Movidos pelas ideias divulgadas em panfletos, grupos negros chegaram a pegar em armas acreditando que a Independência — por ser considerada sinônimo de liberdade — levaria à abolição da escravidão.
Pintura de Pedro Américo retrata o grito do Ipiranga. Panfletos mostram que processo de independência contou, sim, com a participação popular (imagem: reprodução/Museu do Ipiranga)
Uma das organizadoras do livro Vozes do Brasil, a historiadora Marcela Telles, da UFMG, diz que os panfletos mostram que, ao contrário do que por vezes se ensina na escola, a história não é feita apenas por alguns “heróis”, e a sociedade não é uma mera espectadora:
— O processo da independência não foi decidido somente por figuras como D. Pedro e José Bonifácio.

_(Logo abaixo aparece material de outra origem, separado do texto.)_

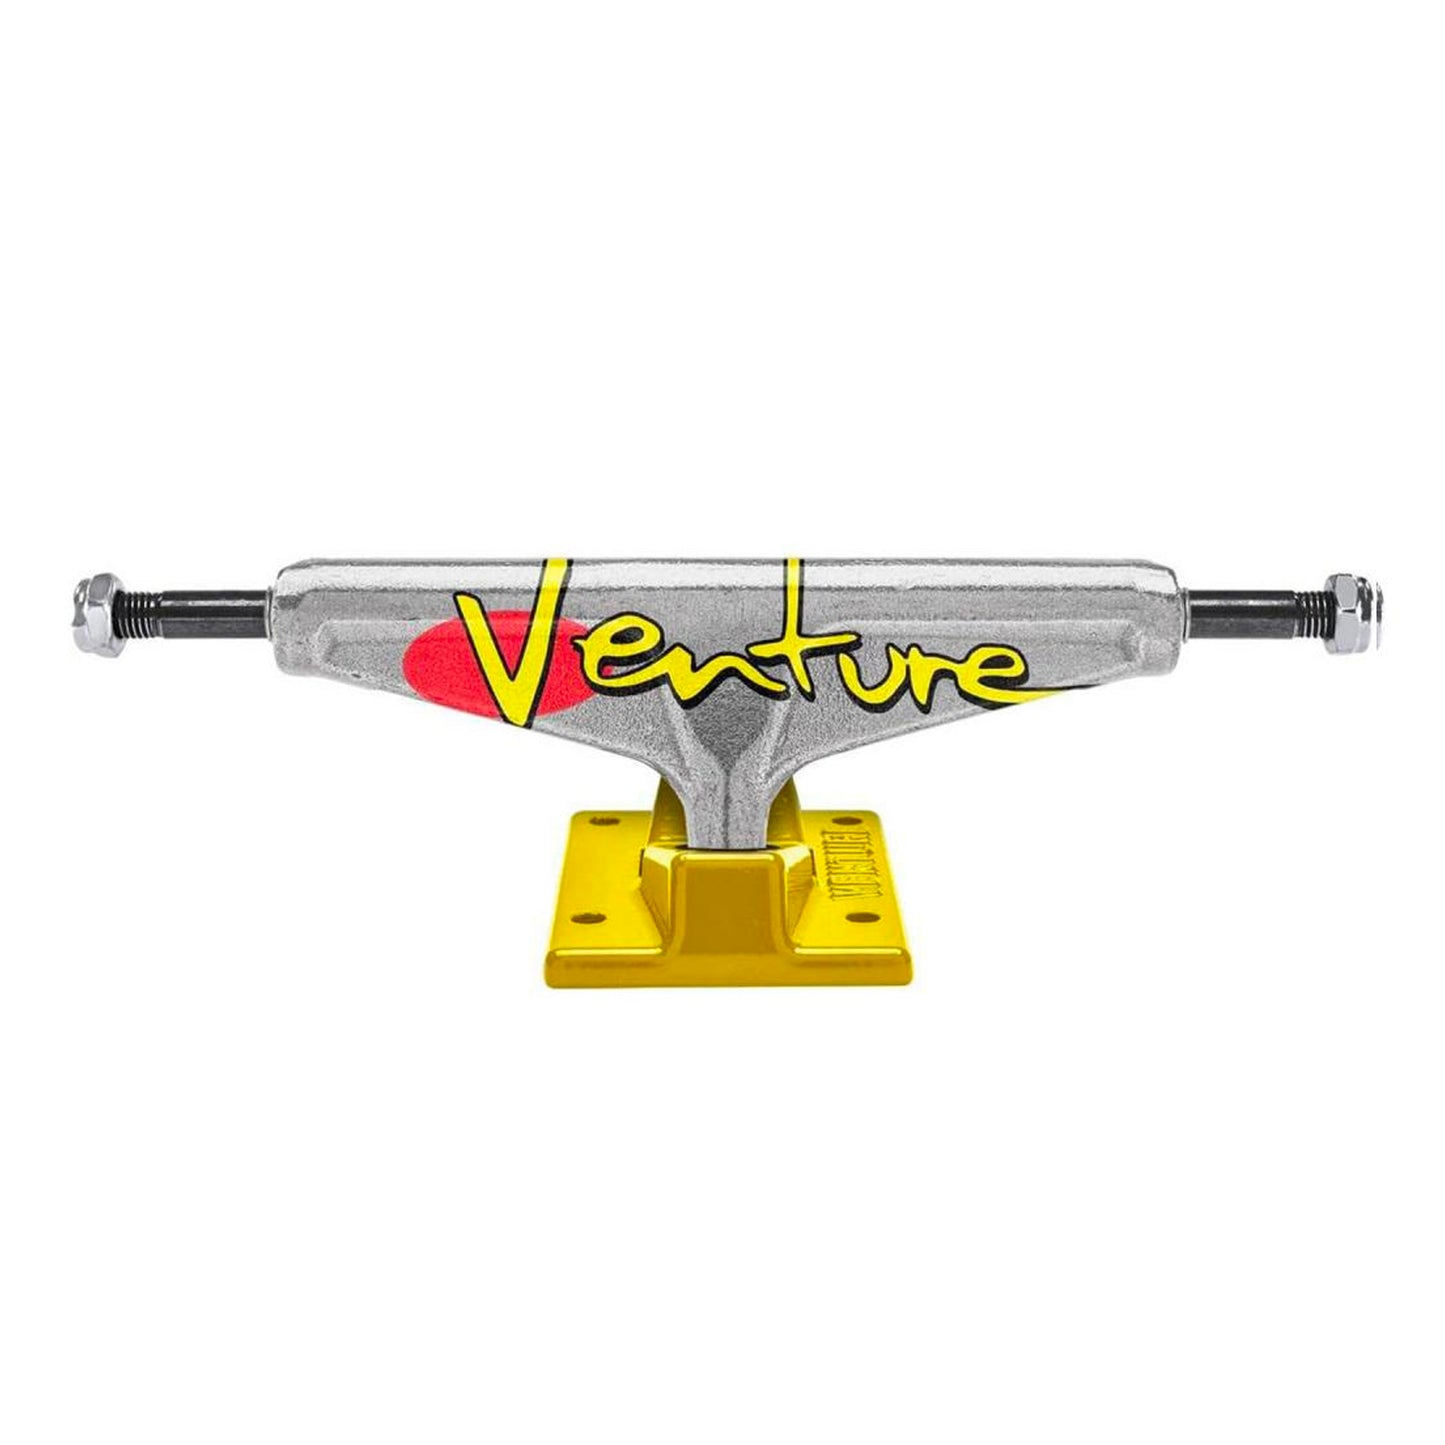 Venture - 5.0 (7.75") 92 Full Bleed Team Truck - Polished/ Yellow (Sold as a pair) - Prime Delux Store
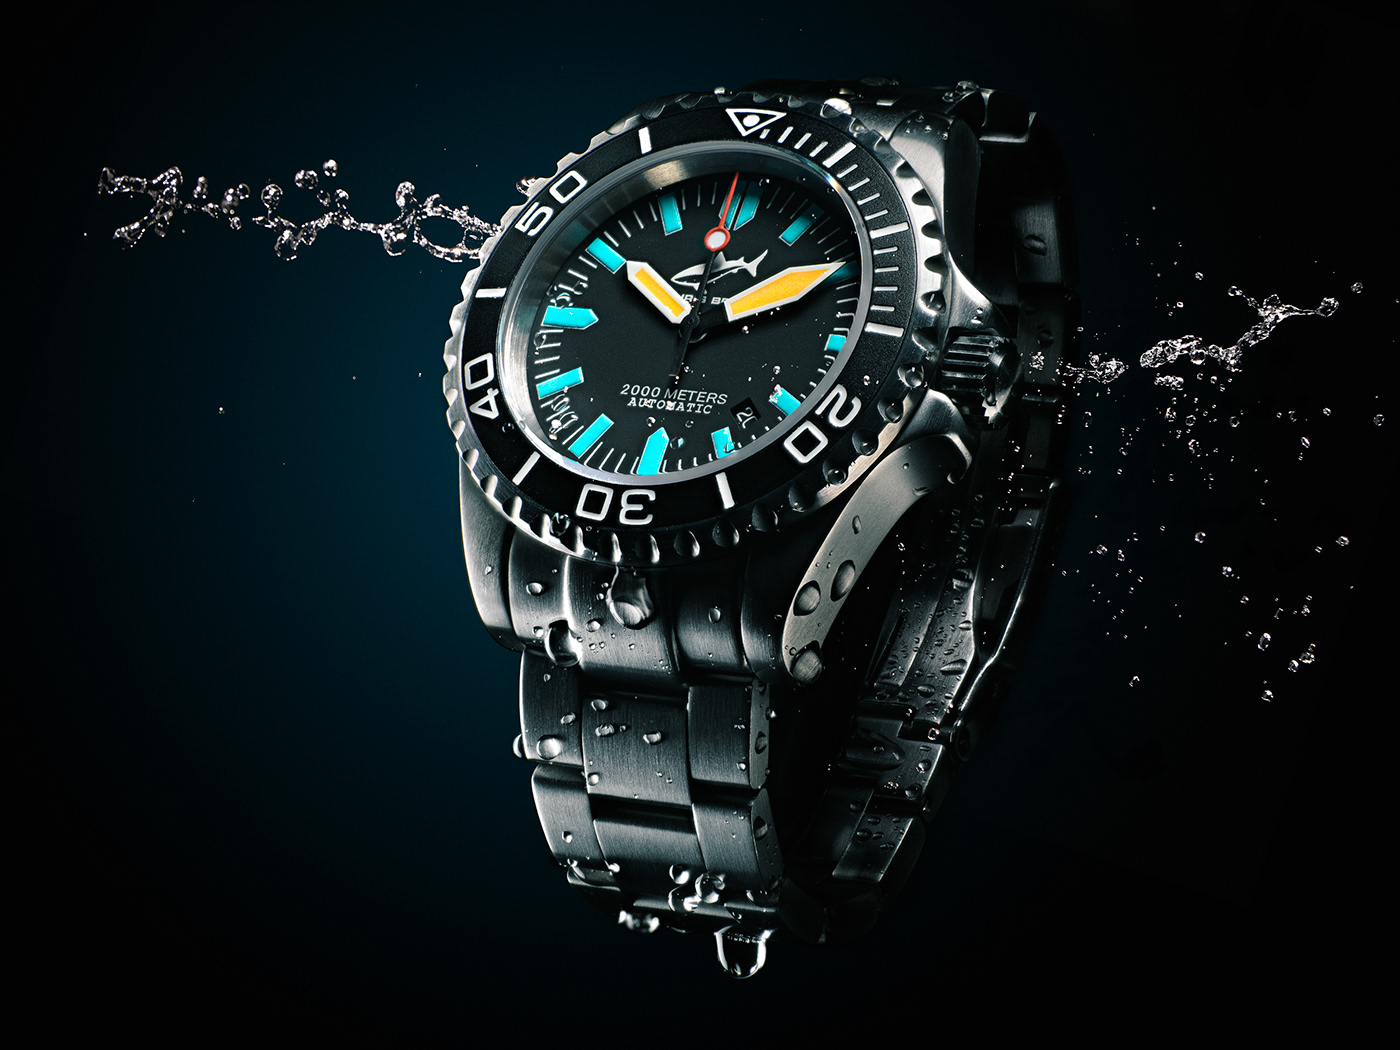 Chris benz watch underwater digitalmovie matteomescalchin lighting sport Advertising  Commercial Photography Commercial Diving

Quando observamos esse processo mais de perto por meio dos panfletos, conseguimos ver que pessoas de todo tipo participaram e influíram nos rumos daquele Brasil que estava nascendo, desde políticos, funcionários públicos e comerciantes até mulheres e escravizados, passando por padres e militares.
Outra organizadora da obra, a historiadora Heloisa Starling, também da UFMG, avalia que os panfletos, mesmo tendo sido escritos dois séculos atrás, trazem uma lição importante para os brasileiros de hoje:
— Pela leitura dos panfletos, vemos que não estava escrito nas estrelas que a independência desembocaria naquele Brasil monárquico, unitário e escravocrata governado por D. Pedro I. Foi uma opção, já que muitos outros caminhos possíveis haviam sido apresentados. Isso significa que nós, como cidadãos, não podemos ficar calados. Temos que nos mexer, nos manifestar, protestar, mostrar o país que queremos ser e também o que não queremos ser. Quando não agimos, alguém acaba agindo por nós, com o risco de ser contra os nossos próprios interesses. Os panfletos da Independência, em resumo, mostram que o futuro é escolha e não cai do céu.